Comparative performances of enzyme-linked immunosorbent, western blot, and polymerase chain reaction assays for human T-lymphotropic virus type II infection that is endemic among Indians of the Gran Chaco region of South America.

Abstract

Human T-cell lymphoma/leukemia viruses types I and II (HTLV-I and HTLV-II) are related exogenous human retroviruses. The former is definitely pathogenic while disease association with the latter is unclear. There are two subtypes of HTLV-II, A and B. Currently, enzyme-linked immunosorbent assays (ELISAs) based on HTLV-I antigens are used to screen for the presence of HTLV-I and -II antibodies. Confirmation and subtyping are accomplished by Western blot (WB) or ELISAs based on HTLV-I whole viral antigens and/or HTLV-I and HTLV-IIA peptides.

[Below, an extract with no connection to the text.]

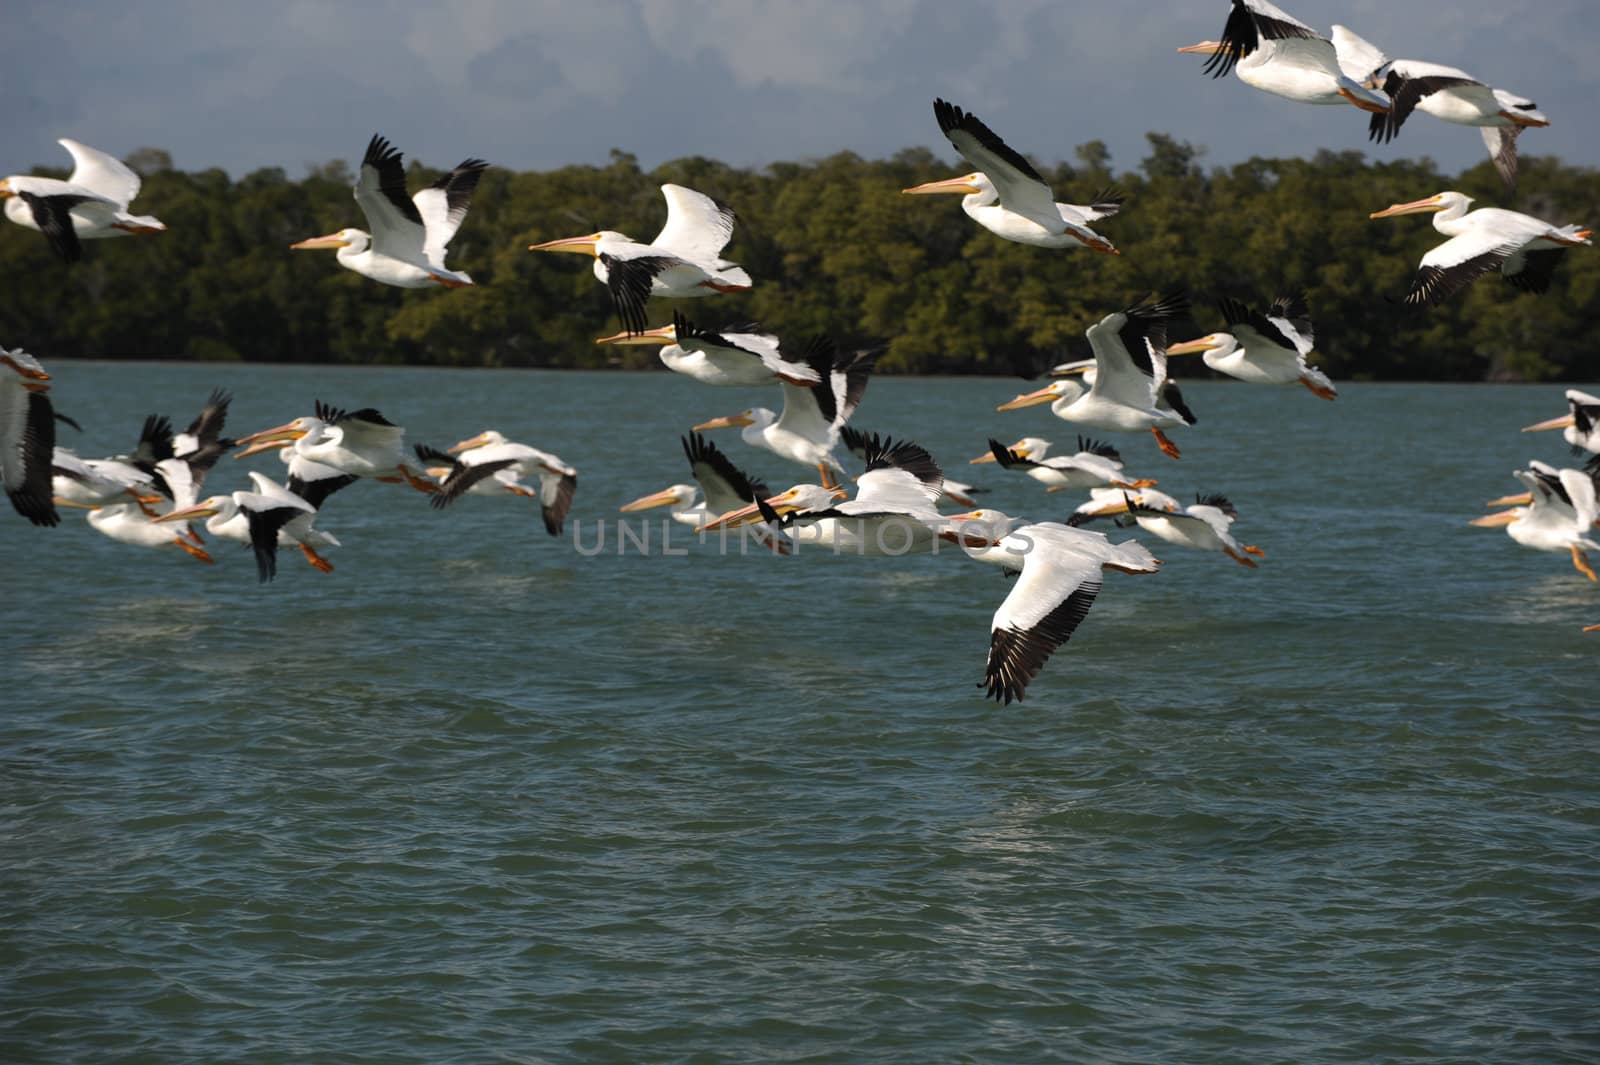 White pelicans flying over ocean by ftlaudgirl

The sensitivity and specificity of these serologic assays were compared to those of HTLV-I and-II-specific polymerase chain reaction (PCR) assays in tests on samples from Indians from South America in whom the HTLV-IIB subtype is endemic. Sera from 246 Gran Chaco Indians were evaluated for HTLV antibodies with the use of four ELISAs (Retrotek HTLV-I; Cambridge Biotech rgp21 enhanced HTLV-I/II; Vironostika HTLV-I/II; and Select HTLV-I/II), and a WB assay. Peripheral blood leukocyte DNA from each Indian was analyzed for HTLV-I or HTLV-II pol DNA via PCR. Fifteen of the PCR-positive samples were further subtyped via cloning and sequencing and/or oligomer restriction. Ninety-seven samples (39%) were positive for HTLV-II by serologic and/or PCR assays. All 15 positive DNA samples that were further analyzed were of the HTLV-IIB subtype and were clustered as a highly conserved phylogenetic group. Comparative analyses indicate that the sensitivity and specificity of the various assays were: PCR, 97 and 100 percent; Retrotek, 70 and 91 percent; Cambridge Biotech, 74 and 96 percent; Vironostika, 73 and 99 percent; Select 72 and 98 percent; and WB, 70 and 100 percent. The sensitivities of the tested HTLV serologic assays were comparable. However, the specificity of the Retrotek ELISA was significantly lower than that of the others. When positive, the subtyping assays were very specific. However, PCR assays would seem preferable or to be a necessary adjunct for the sensitive detection of HTLV-IIB infection.